### Problem details
Give back the data exactly, with no images.

### Supplied material
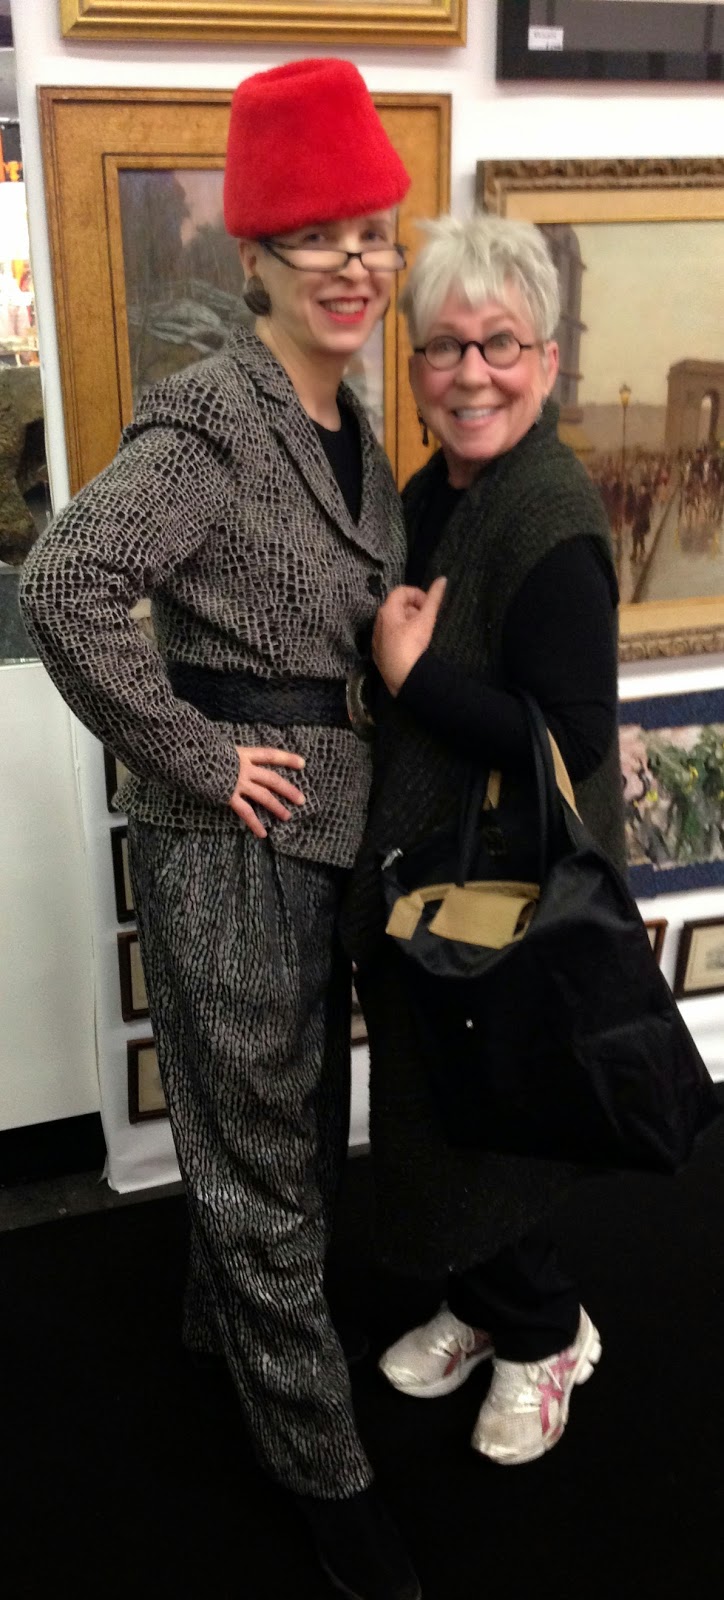 Idiosyncratic Fashionistas: Treasure Hunting at the Pier Antique Show
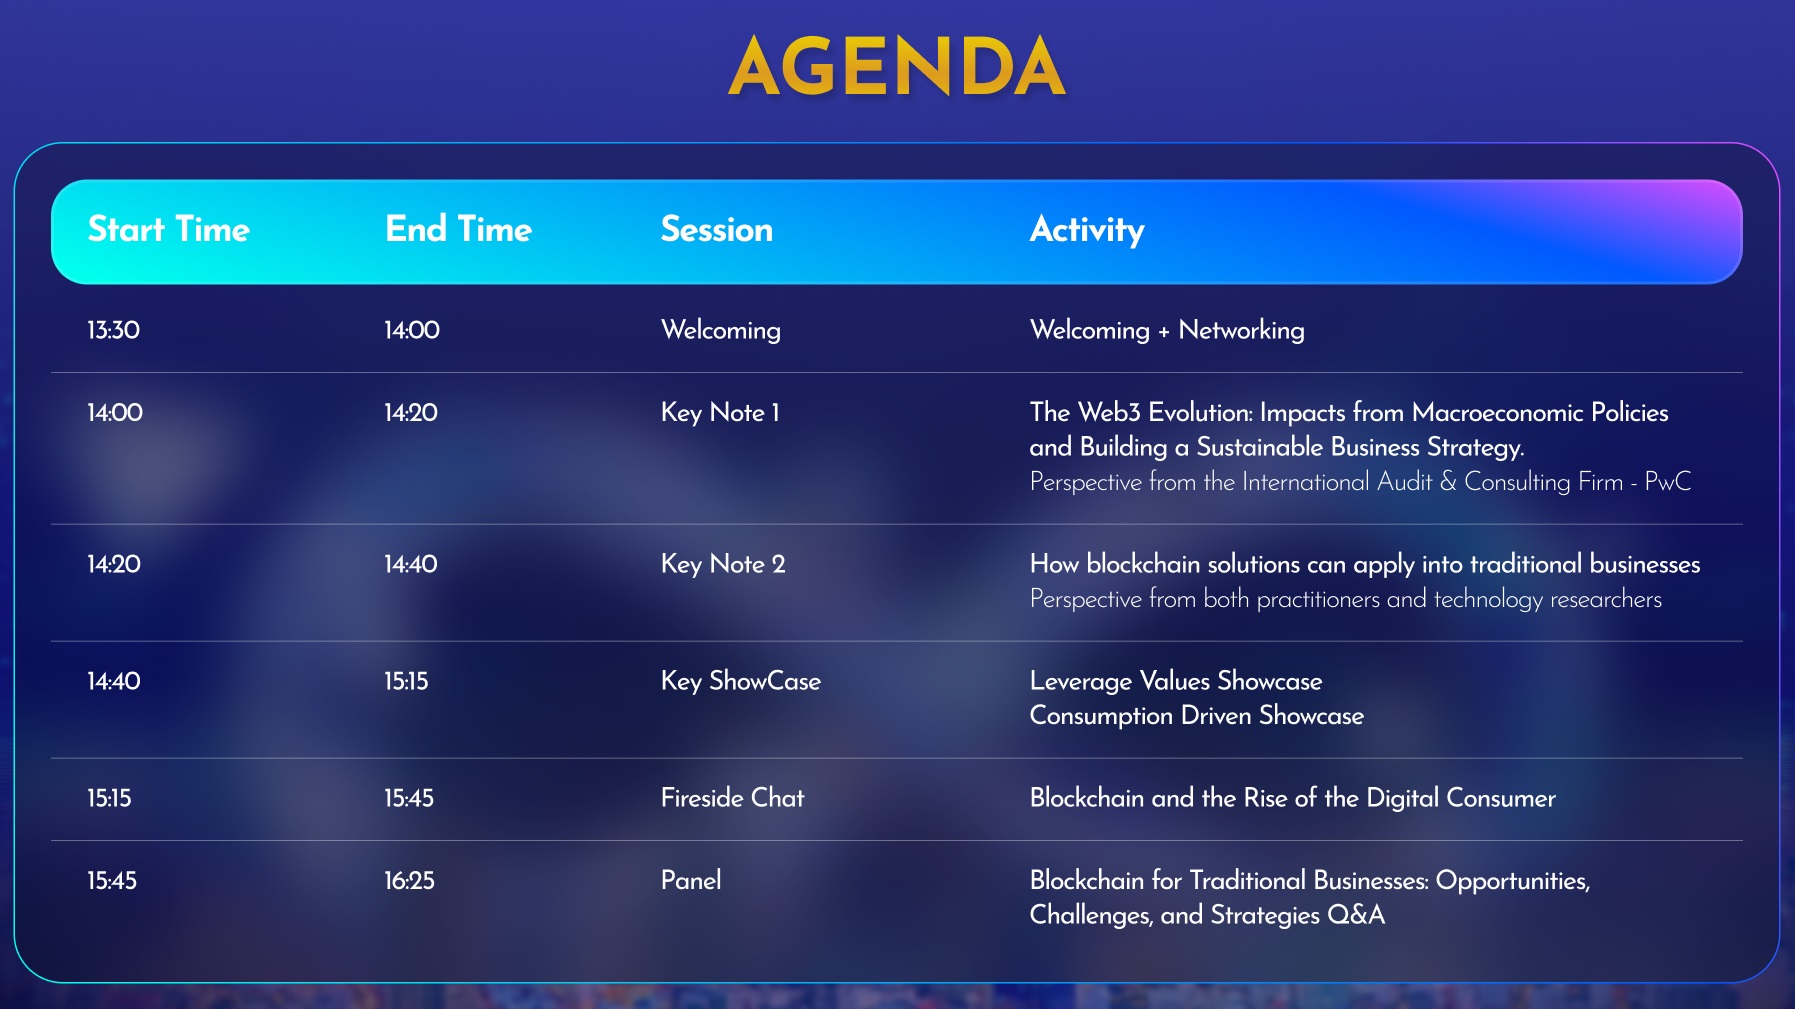 Agenda sự kiện :"“How can Brands leverage value and drive consumption with Web3 & Blockchain”
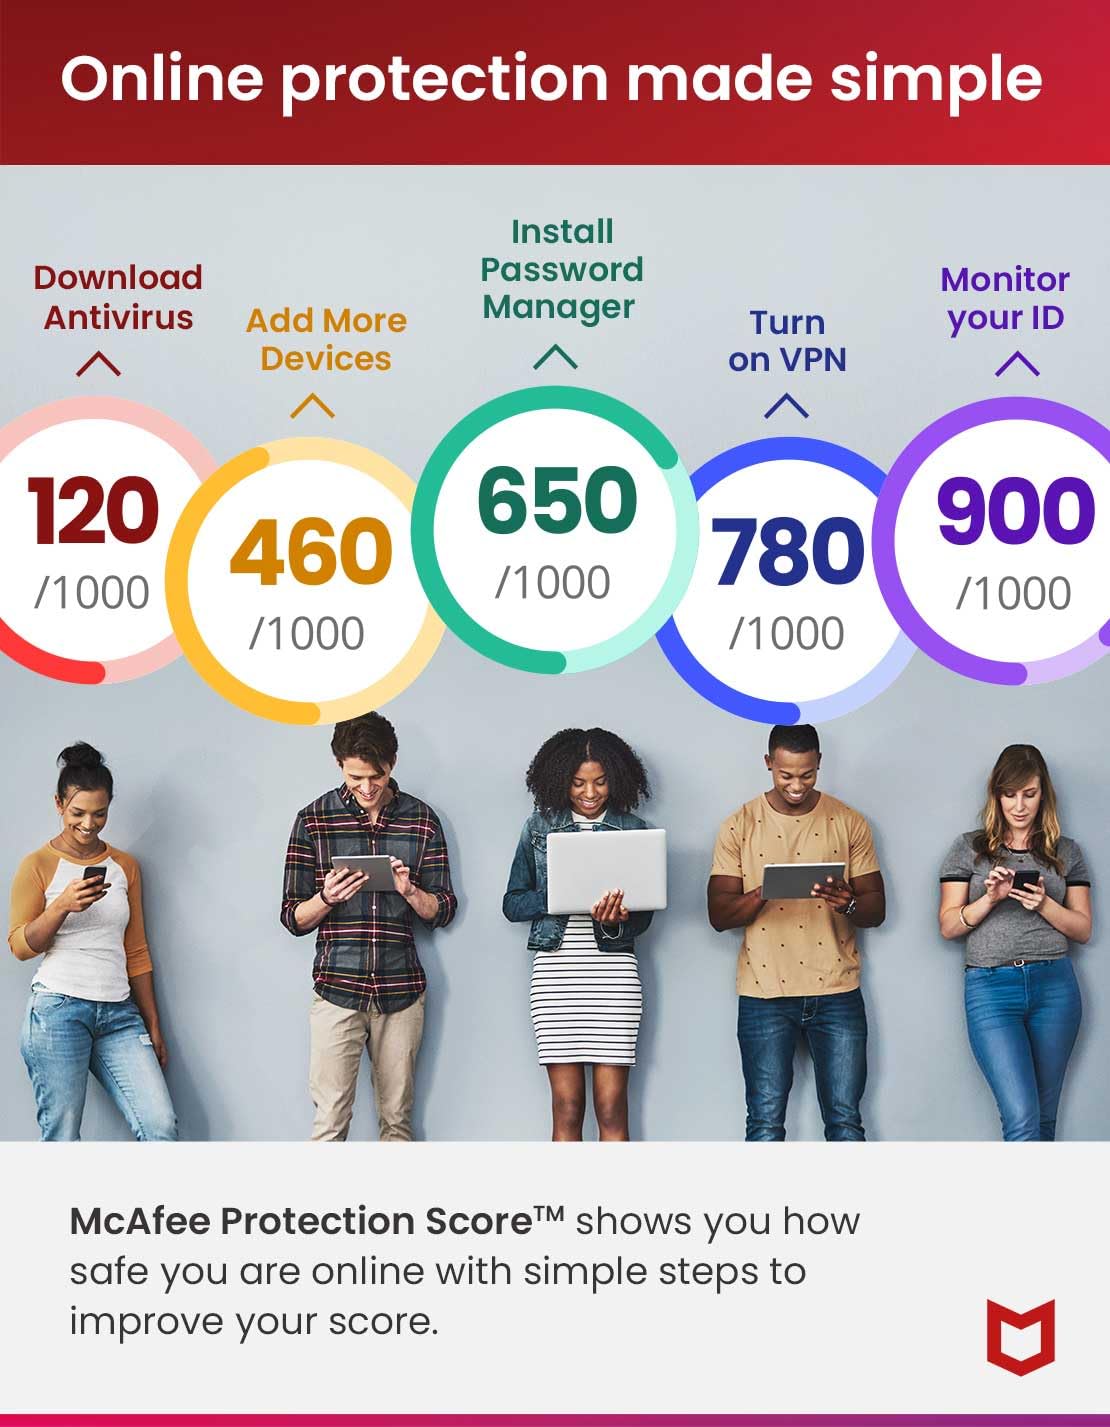 McAfee Total Protection 2024 Ready | 1 Device | Cybersecurity Software Includes Antivirus, Secure VPN, Password Manager, Dark Web Monitoring | Download

### Written response
 Idiosyncratic Fashionistas: Treasure Hunting at the Pier Antique Show
 Agenda sự kiện :"“How can Brands leverage value and drive consumption with Web3 & Blockchain”
 McAfee Total Protection 2024 Ready | 1 Device | Cybersecurity Software Includes Antivirus, Secure VPN, Password Manager, Dark Web Monitoring | Download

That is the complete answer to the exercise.